Would you transcribe the records below from the line with "kstudio interior design cowork office space" to the line with "10 Pcs Orange", ends included, exactly and with nothing more, leaving the pictures out?

● **Entries shown**:
● ● ● ● ● ● ●

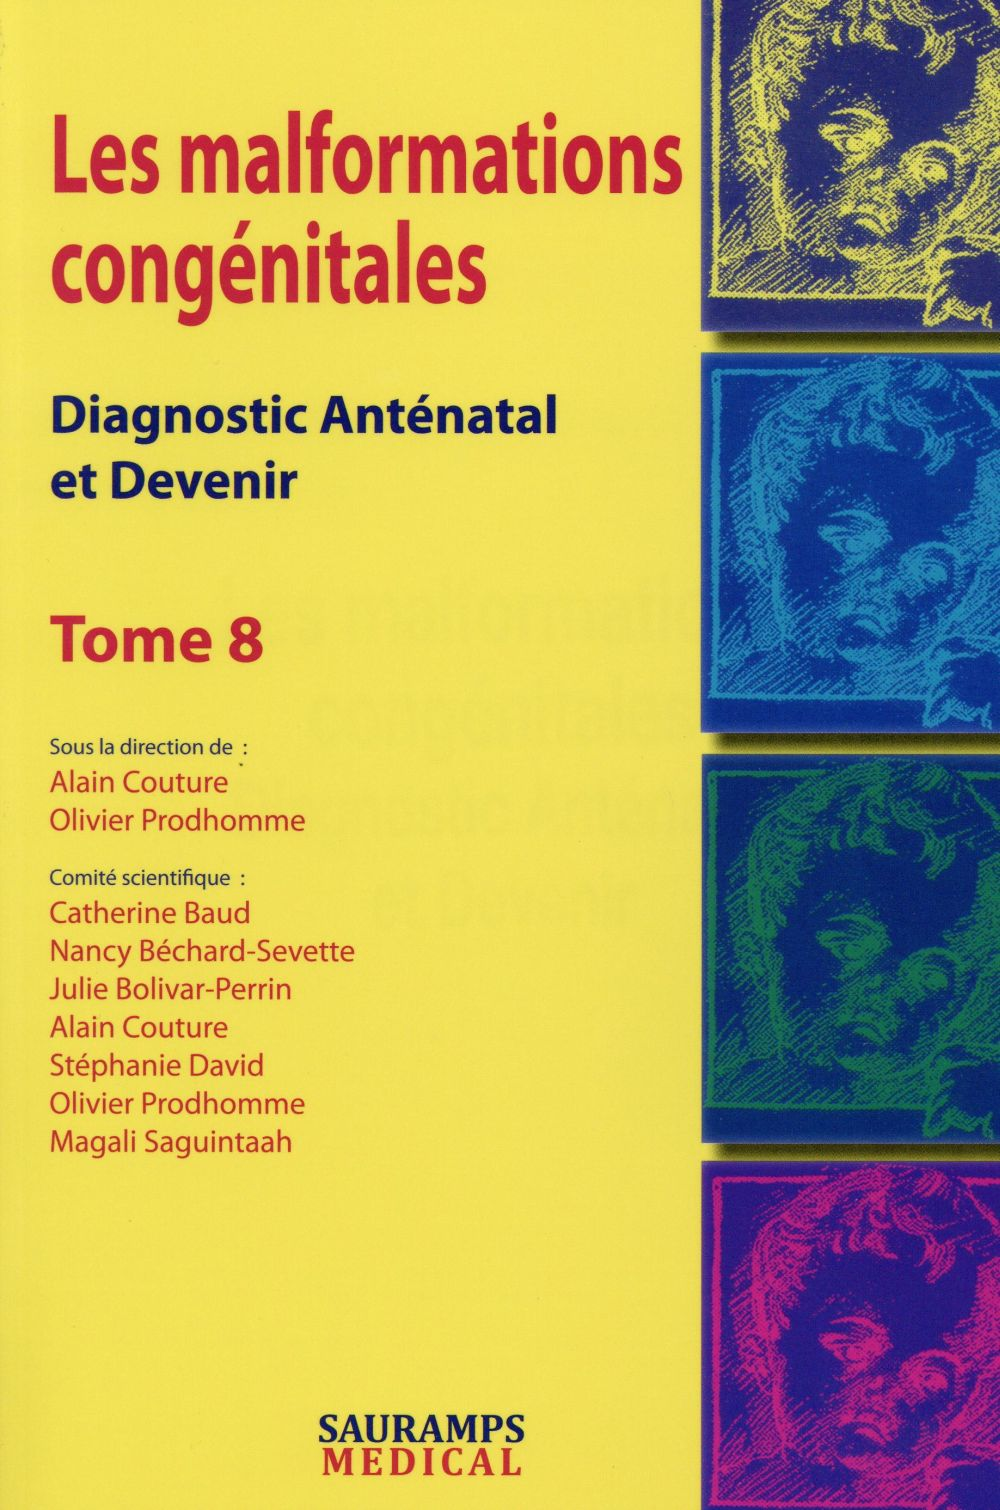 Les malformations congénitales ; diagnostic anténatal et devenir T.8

● ● ● ● ● ● ●

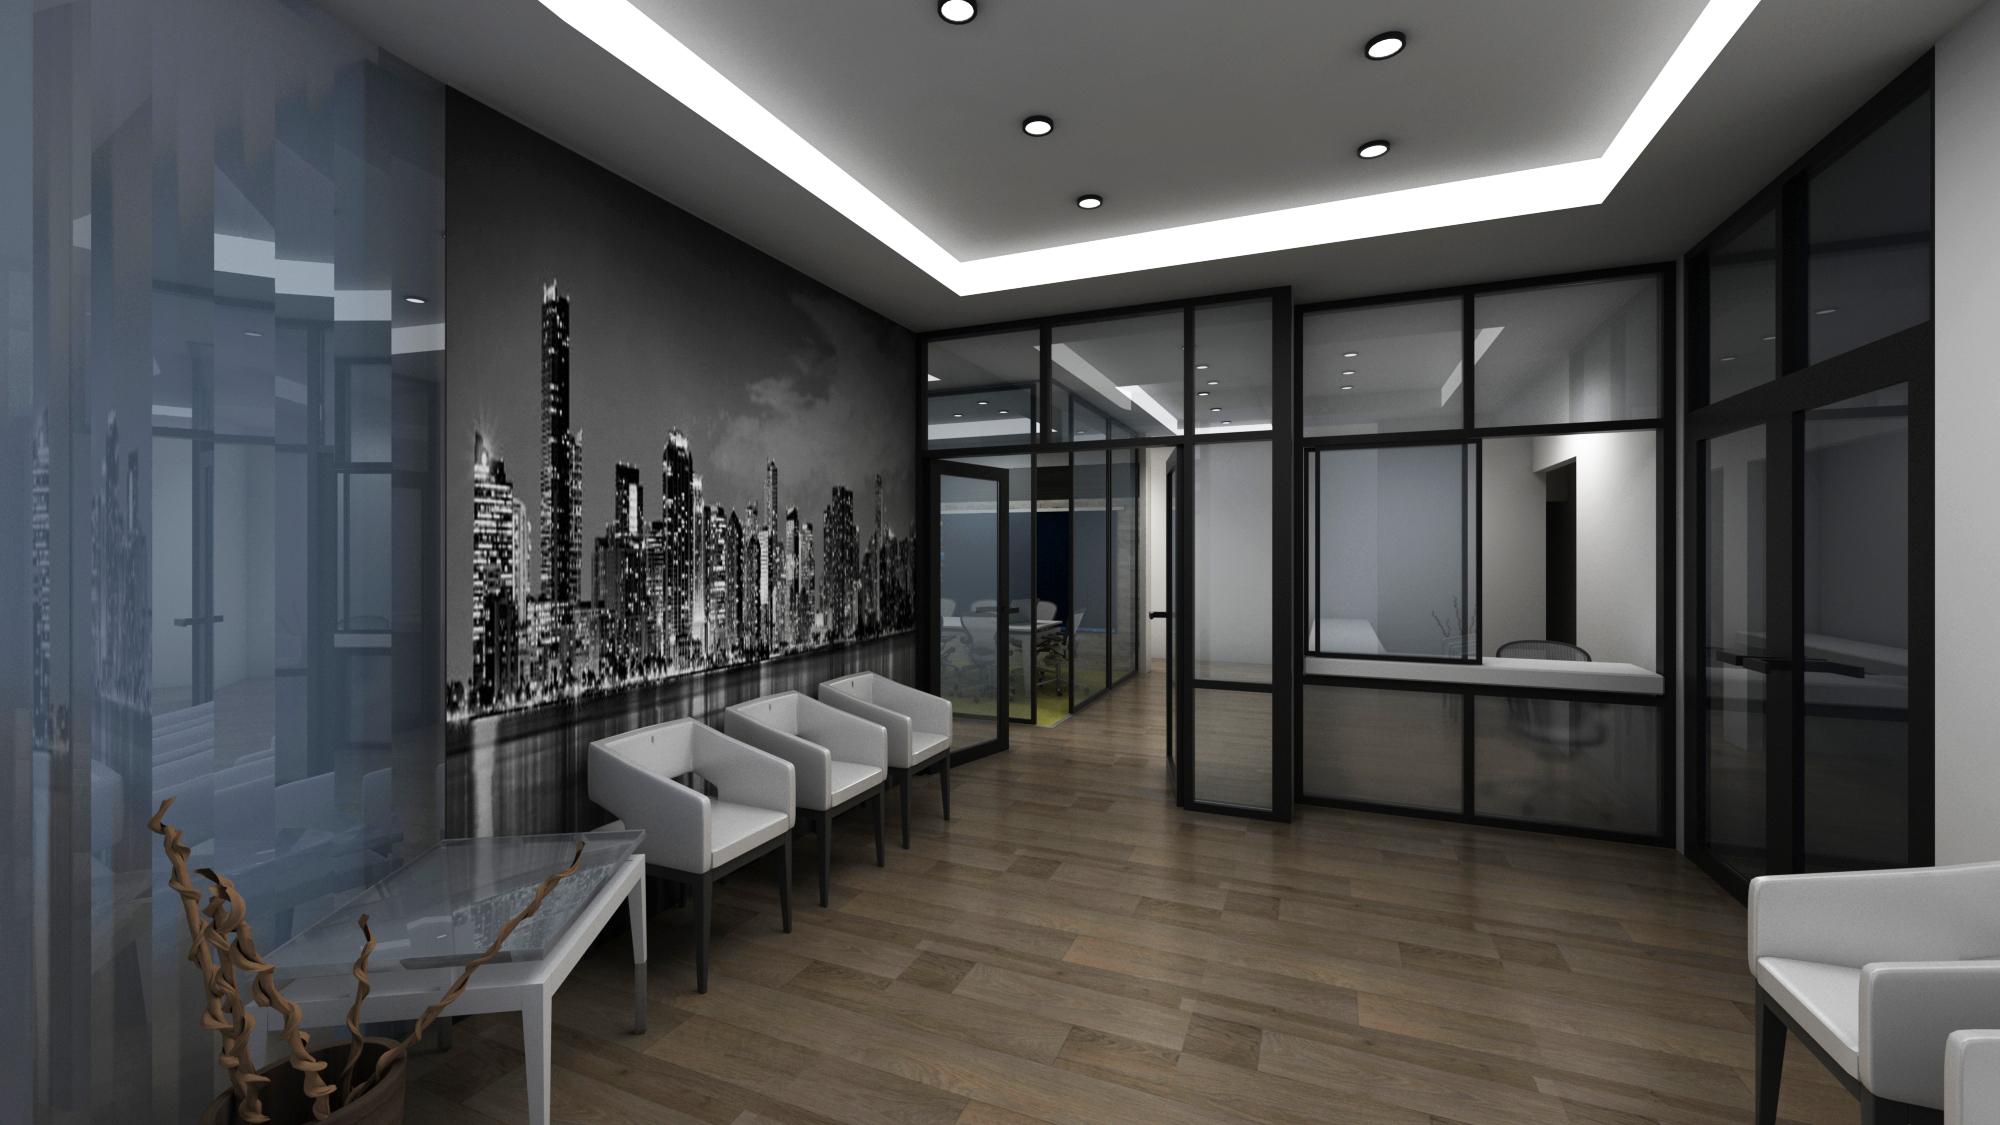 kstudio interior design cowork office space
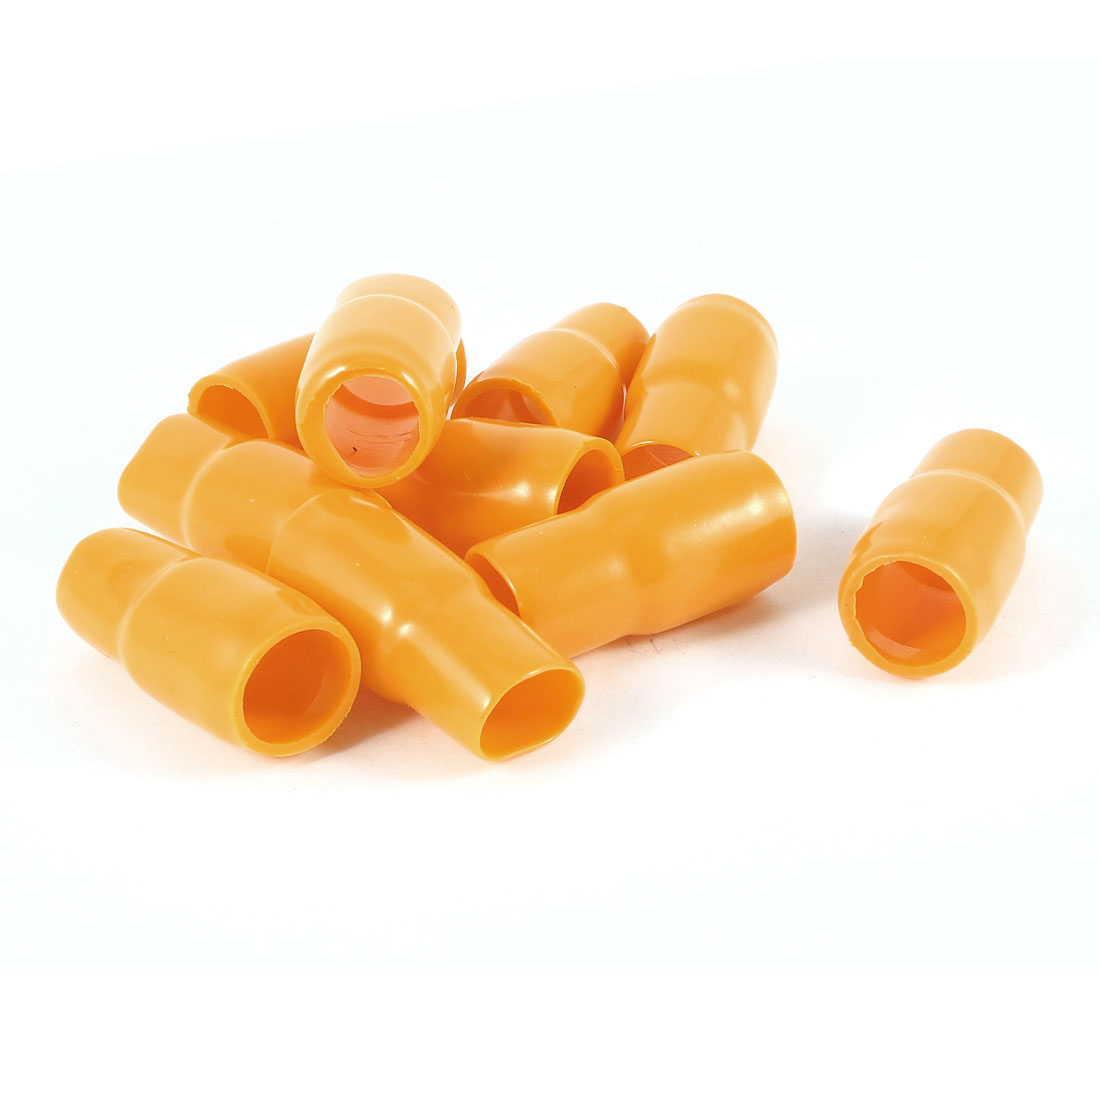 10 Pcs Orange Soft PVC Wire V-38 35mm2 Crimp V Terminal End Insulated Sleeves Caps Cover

● ● ● ● ● ● ●

● **Task output**:
 kstudio interior design cowork office space
 10 Pcs Orange Soft PVC Wire V-38 35mm2 Crimp V Terminal End Insulated Sleeves Caps Cover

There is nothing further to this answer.